I tell you, this is tough sledding. One of the hardest parts was I wanted to ask Karyn her opinion. What does she think? What should we do? What about an MRI? What about an MRA? What about the trach? What about the GJ feeding tube? I could not ask her the whats. I have been a husband for so long, that when someone asks me, how I am feeling, I turn to Karyn for the answer.
I protected Karyn and Karyn protected me, and I could be stronger than I ever was alone. Time to man up Richard; time to have the strength of two.
A decision was made to trach Karyn, to make it easier to re-vent Karyn if necessary, and to provide suction if needed. The stomach GJ tube will be put in. (I will hear about this—oh, I hope I do, I do) in case there is difficulty in eating and swallowing.

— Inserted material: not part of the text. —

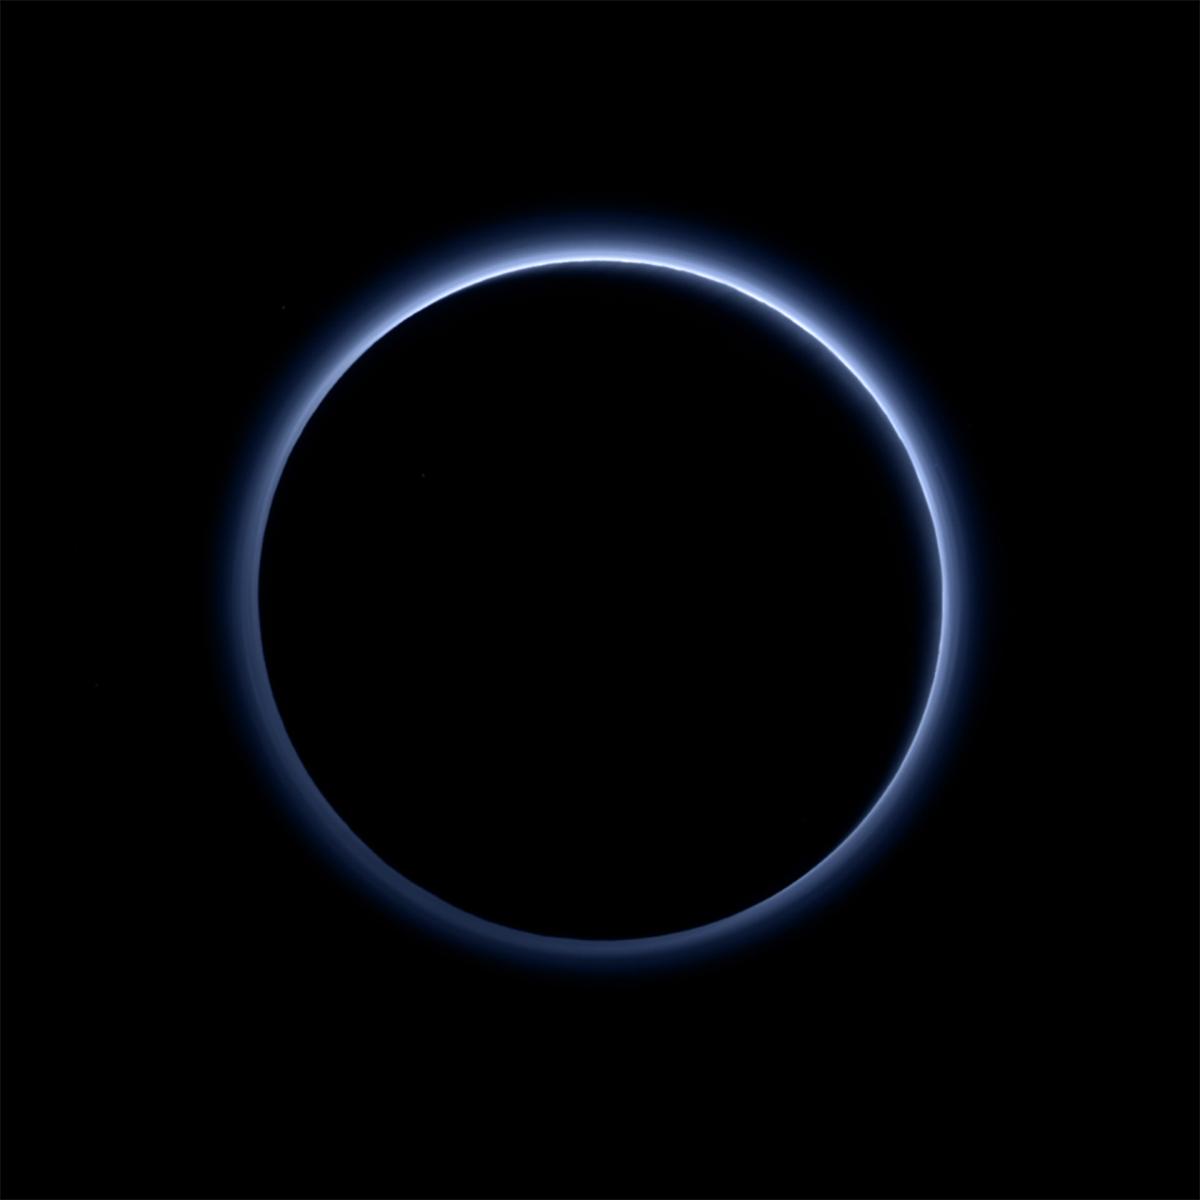 Blue ring of light surrounding a pitch black Pluto

Both the trach and GJ tube were not wanted by Karyn, but again, I could not ask her opinion, and I signed off on both. Karyn’s condition made both mandatory. The MRA showed signs in the brain that oxygen was not reaching all areas of the brain. The episode was now called “stroke-like” but not a seizure or a stroke.
Day 4—Karyn is using a BiPAP this morning, or rather the BiPAP is using her. The BiPAP takes full control of her breathing. This noisy mask machine inflates the lungs and forces out the carbon dioxide from the system. Her ABG, which checks on the blood gases is strong on oxygen. The doctors want as much of the CO2 out as possible as LAM places a high amount of this poison in her system—this is why we breathe, to take in the oxygen and force out the carbon dioxide. This morning, Karyn, even with the mask, showed better recognition. Karyn was able to move her left leg over and gave me a soft hand shake with her left hand. Not going to get very many votes with that wet fish.